5. Un dieu de roman…

 

A titre d’anecdote, signalons aussi le récit romancé de Gilbert-Charles Picard, « L’ascension d’une dynastie gauloise – La gloire des Sedatii », évoquant un druide rebelle qui fut, selon ce récit, supplicié en l’an 156 à Limonum (Poitiers) et qui lança contre l’assistance cet anathème : « Esus et Teutates vous châtieront, traîtres, esclaves des Romains ! » Un ours qui devait le tuer, hésita à accomplir sa funeste tâche, avant d’être rendu furieux par un trait enflammé que Sedatius Severianus, éminent représentant d’une famille pictonne pro-romaine, lui fit décocher.

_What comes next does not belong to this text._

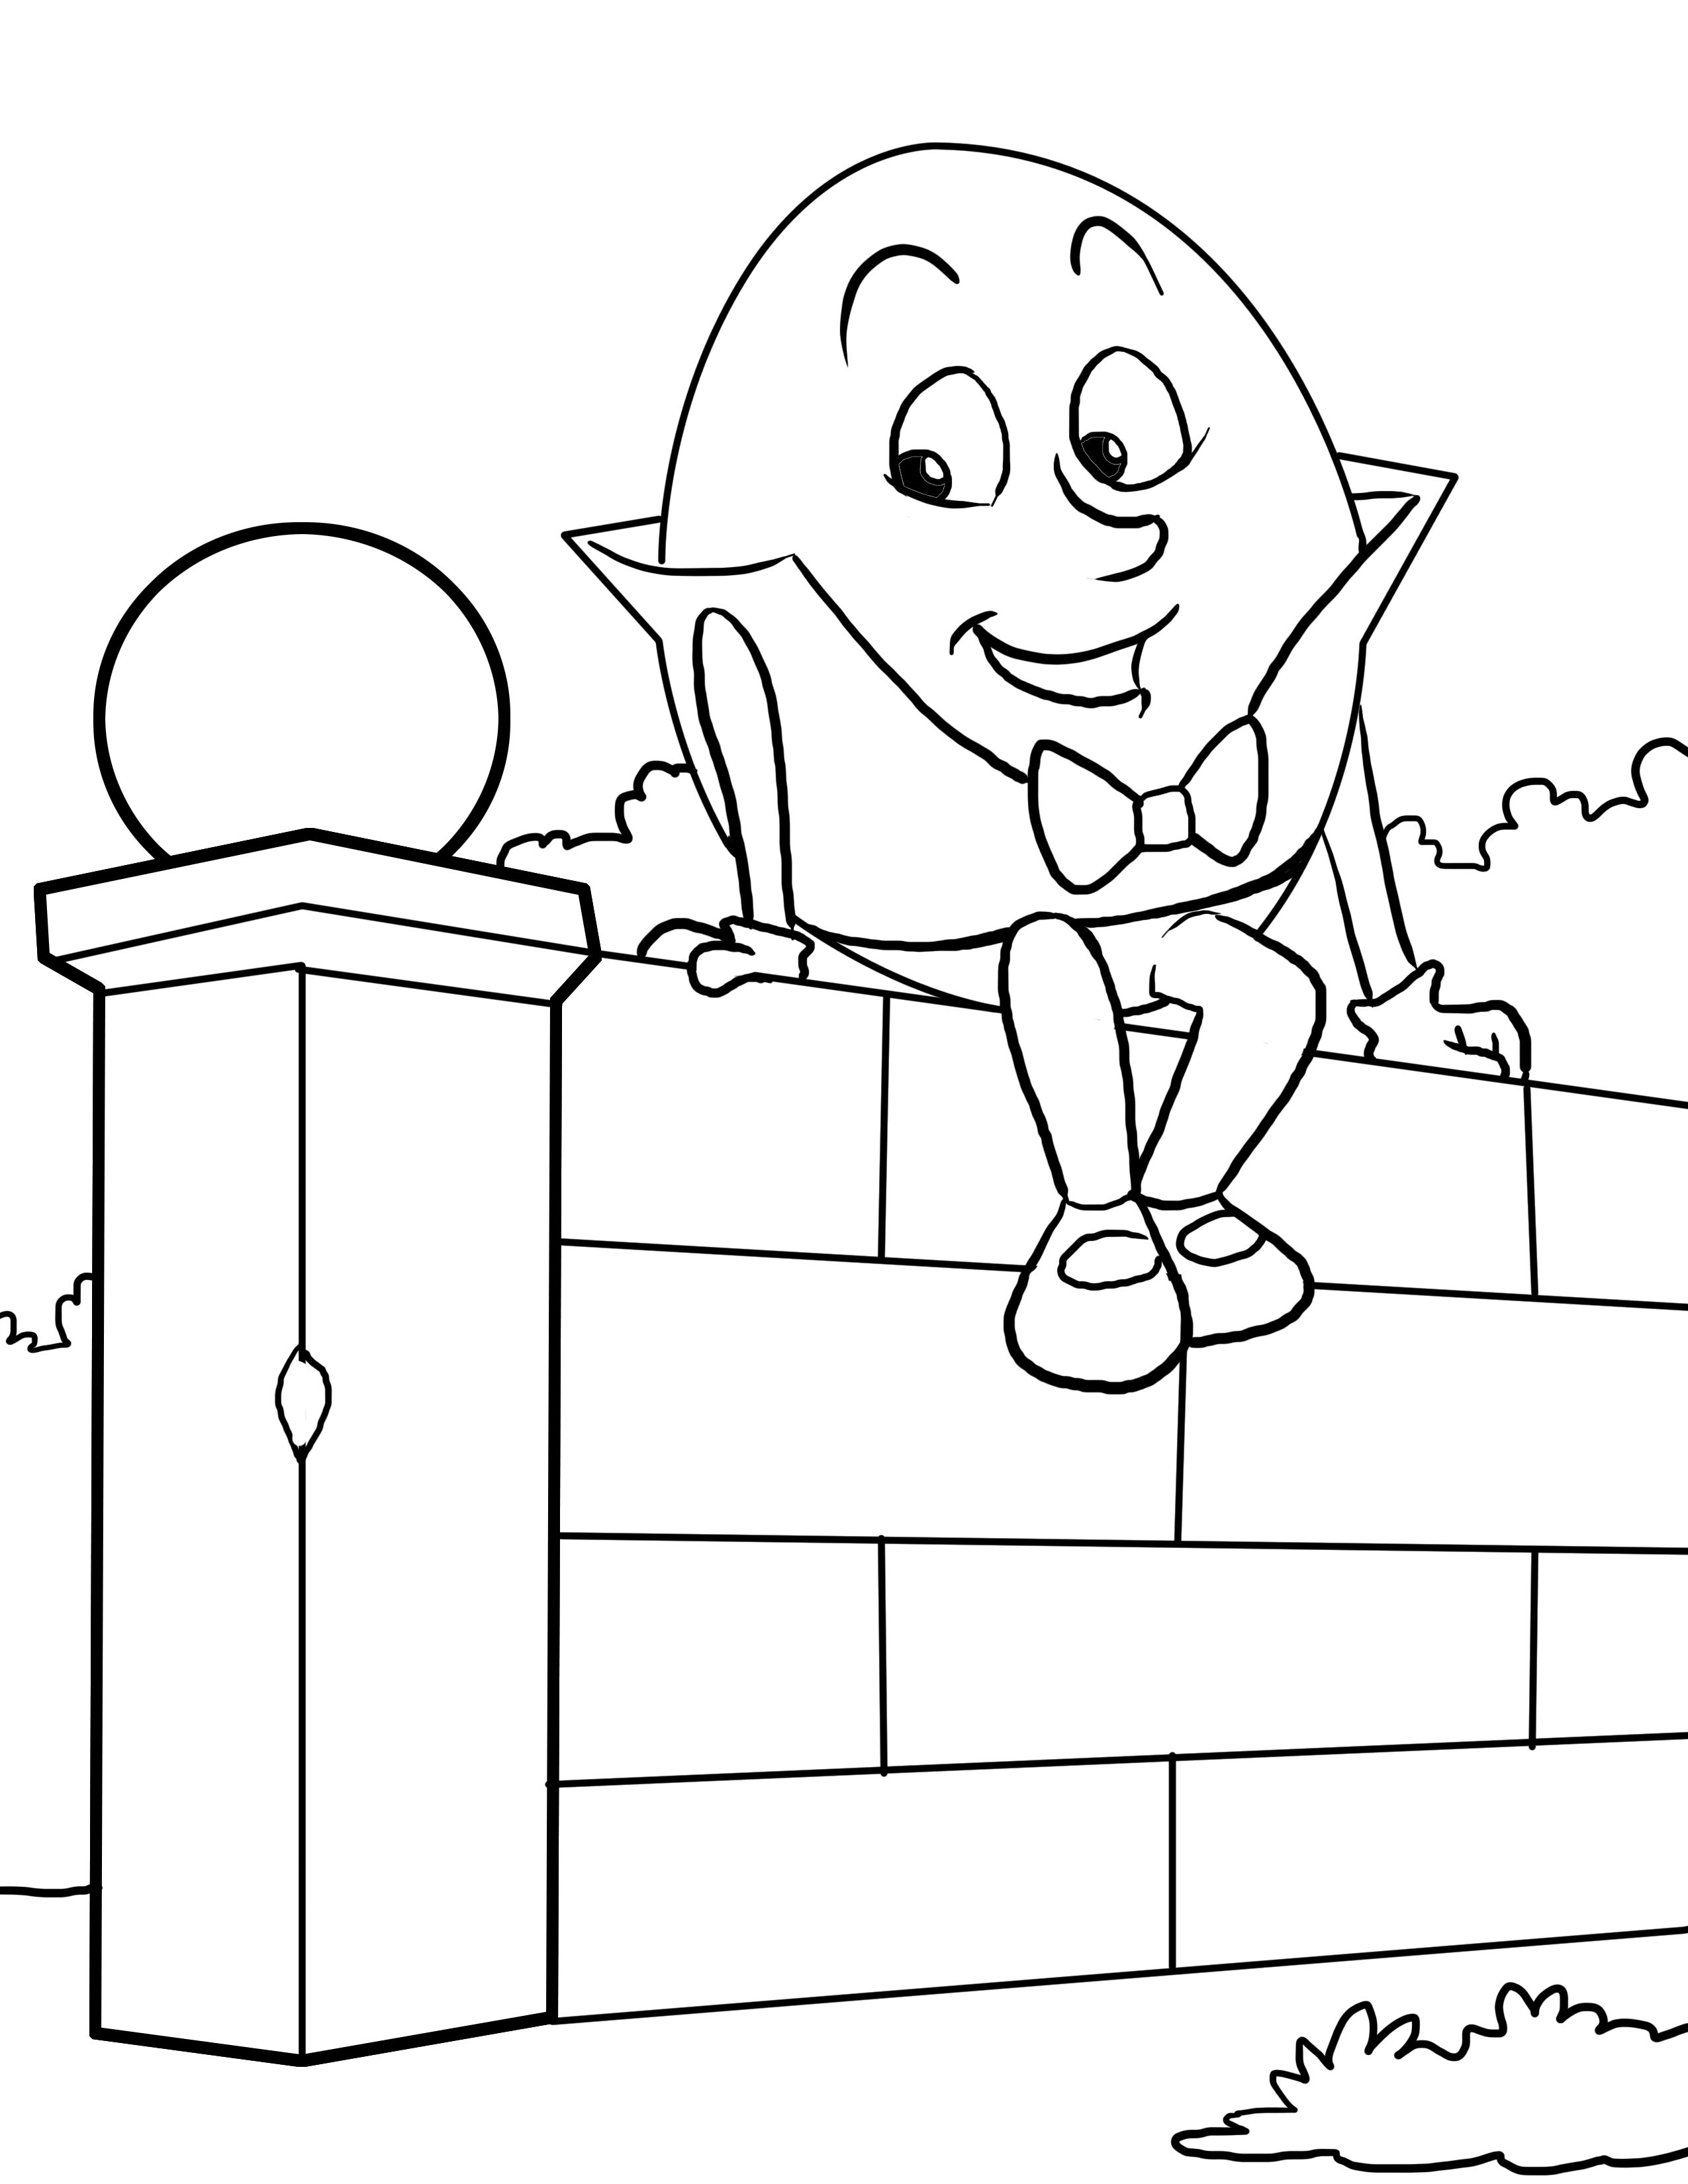 humpty-dumpty-clipart-colouring-page-humpty-dumpty-colouring-page

Sans doute faut-il plutôt retenir de ce récit le caractère sympathiquement romancé, qu’une quelconque réalité historiquement fondée…

 

Eric TIMMERMANS.©

Bruxelles, le 18 novembre 2010.

 

 

Sources : Atlas de la civilisation occidentale, sous la direction de P. Lamaison, France-Loisirs, 1994 / / Des dieux celtes aux dieux romains, P. Cattelain – C. Sterckx, Editions du CEDARC, 1997 / Dictionnaire historique des Celtes, Maxi-Poche Histoire, Pierre Norma, 2003 / L’ascension d’une dynastie gauloise – La gloire des Sedatii, Gilbert-Charles Picard, Perrin, 1990 / Les Celtes – Fureur et Immortalité, G. Nenzioni et F. Giromini, Papermint, 1979 / Les Celtes – Histoire et dictionnaire, Venceslas Kruta, Robert Laffont, 2000 / Les Celtes – Les dieux oubliés, Marcel Brasseur, Terre de Brume Editions, 1996 / Nouveau dictionnaire de mythologie celtique, Jean Markale, Pygmalion, 1999.